UNITED STATES DISTRICT COURT DISTRICT OF MAINE

EASY PAY SOLUTIONS, INC., ) ) Plaintiff ) ) v. ) 2:24-cv-00085-SDN ) JAMES TURNER, ) ) Defendant )

ORDER ON DISCOVERY ISSUE AND PENDING MOTIONS

On November 5, 2024, the Court conducted a telephonic hearing on a discovery issue and related motions—Defendant’s motion to amend the Scheduling Order (ECF No. 26) and Plaintiff’s motion to compel the location of certain depositions. (ECF No. 27.) DISCUSSION A. Motion to Amend Scheduling Order Defendant contends that judicial economy militates in favor of a stay of the scheduling order deadlines until after the Court rules on Defendant’s pending motion to dismiss/compel arbitration on Defendant’s counterclaim. Alternatively, Defendant asks the Court to extend the scheduling order deadlines.

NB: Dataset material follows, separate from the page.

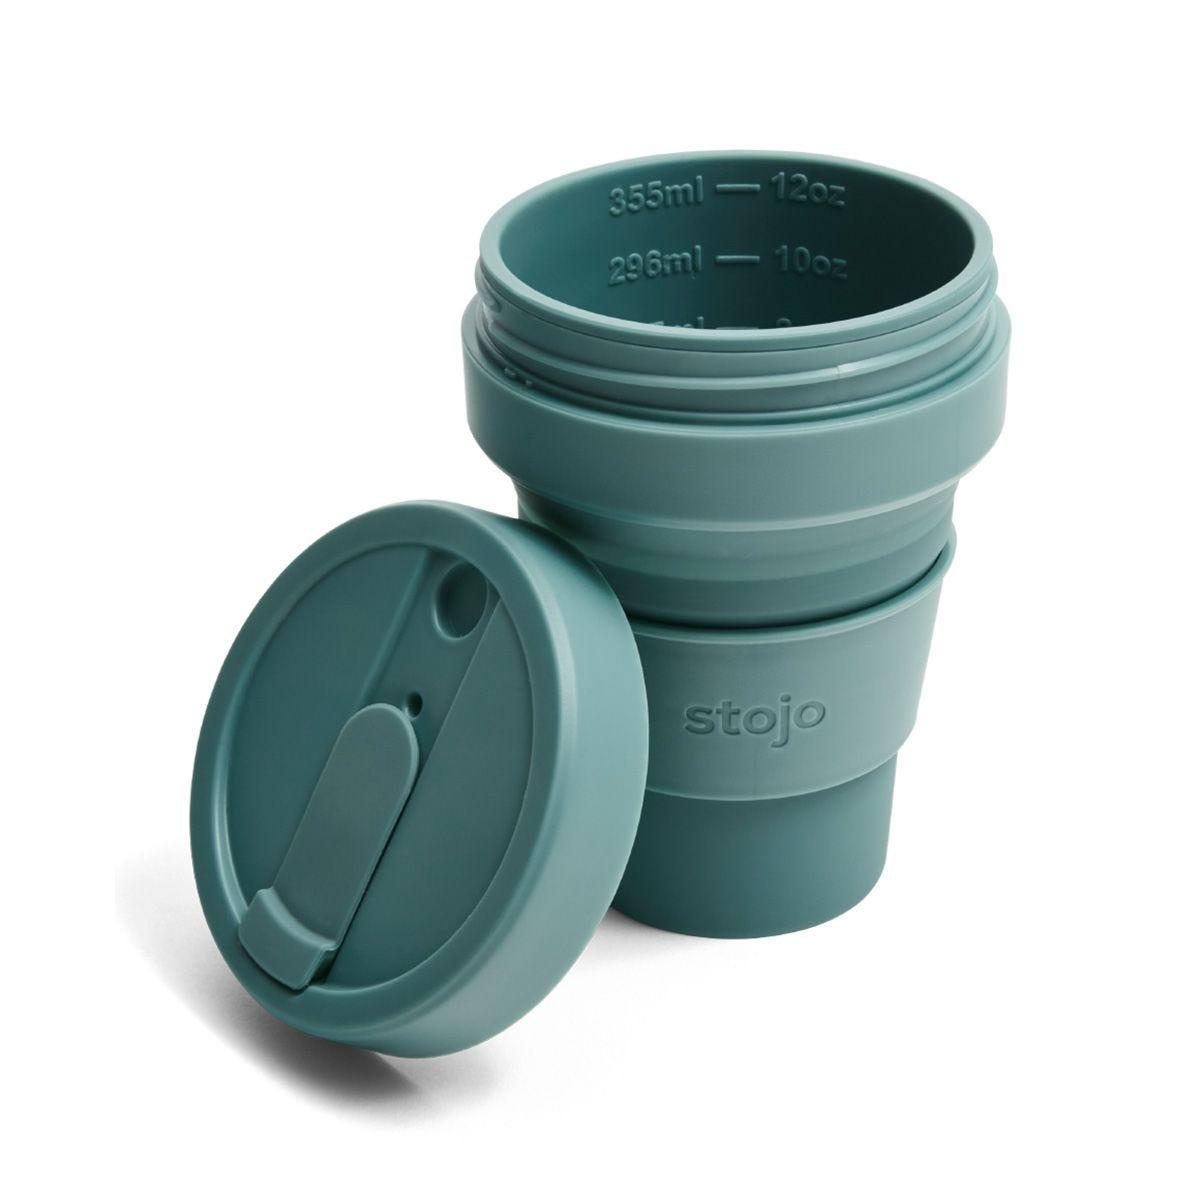 Stojo Collapsible Pocket Cup 12oz - Eucalyptus
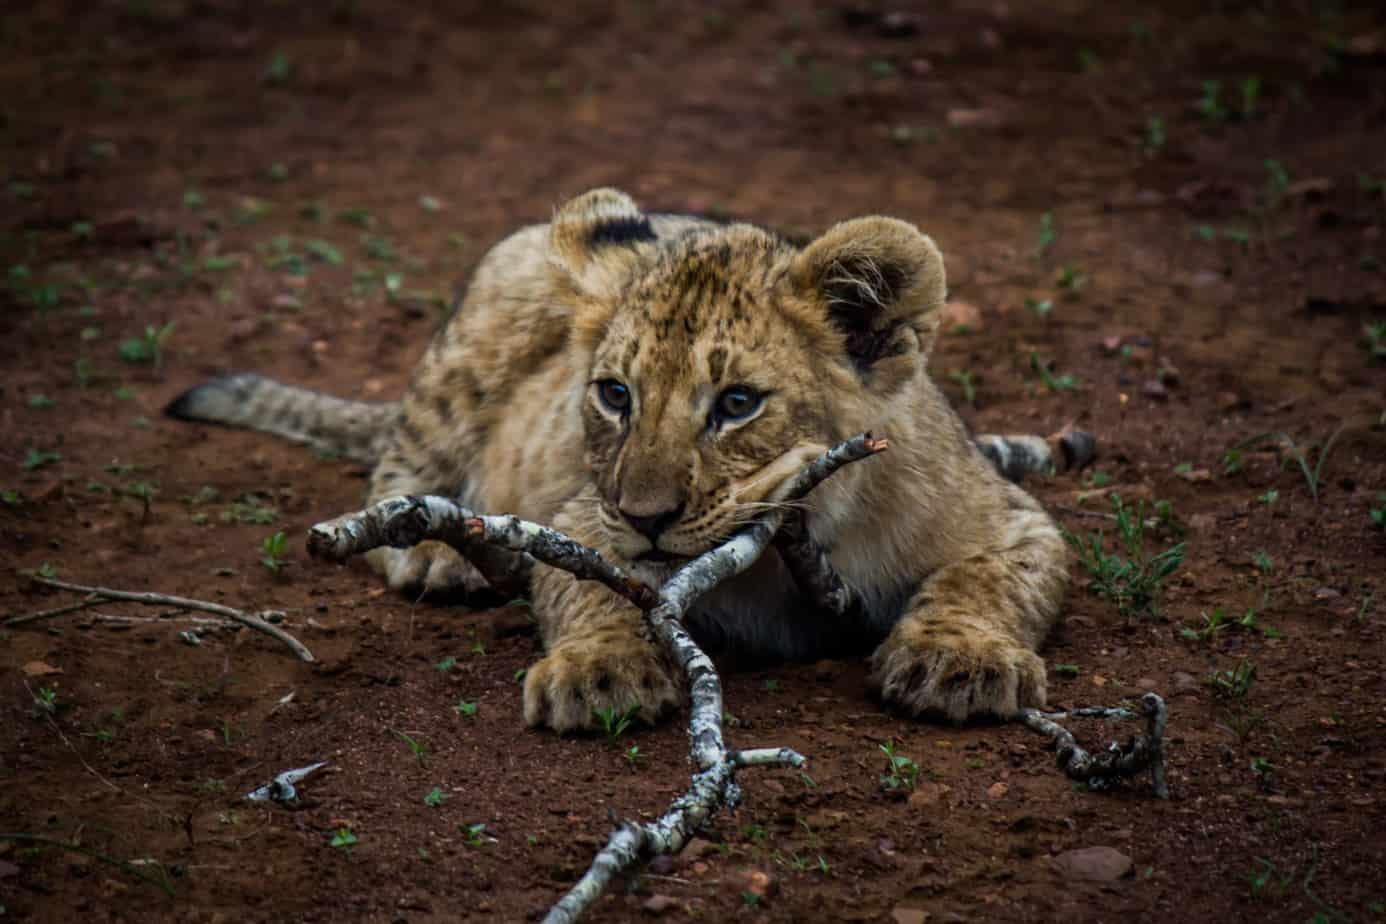 Lion Cub @ Thanda Game Reserve. Photo: Håvard Rosenlund

Plaintiff acknowledges that given the delay in the depositions of the principals, which depositions are the subject of Plaintiff’s motion to be addressed below, a modest extension of the deadlines is likely appropriate. During the hearing, Plaintiff suggested that its request for arbitration included the counterclaim and its direct claim. In the motion, however, Plaintiff move[d] this Court for an Order (1) dismissing Defendant’s Counterclaim and (2) compelling Defendant to arbitrate so much of his claim for declaratory relief (First Cause of Action) and his breach of contract claim (Second Cause of Action) subject to the parties’ valid binding arbitration agreement.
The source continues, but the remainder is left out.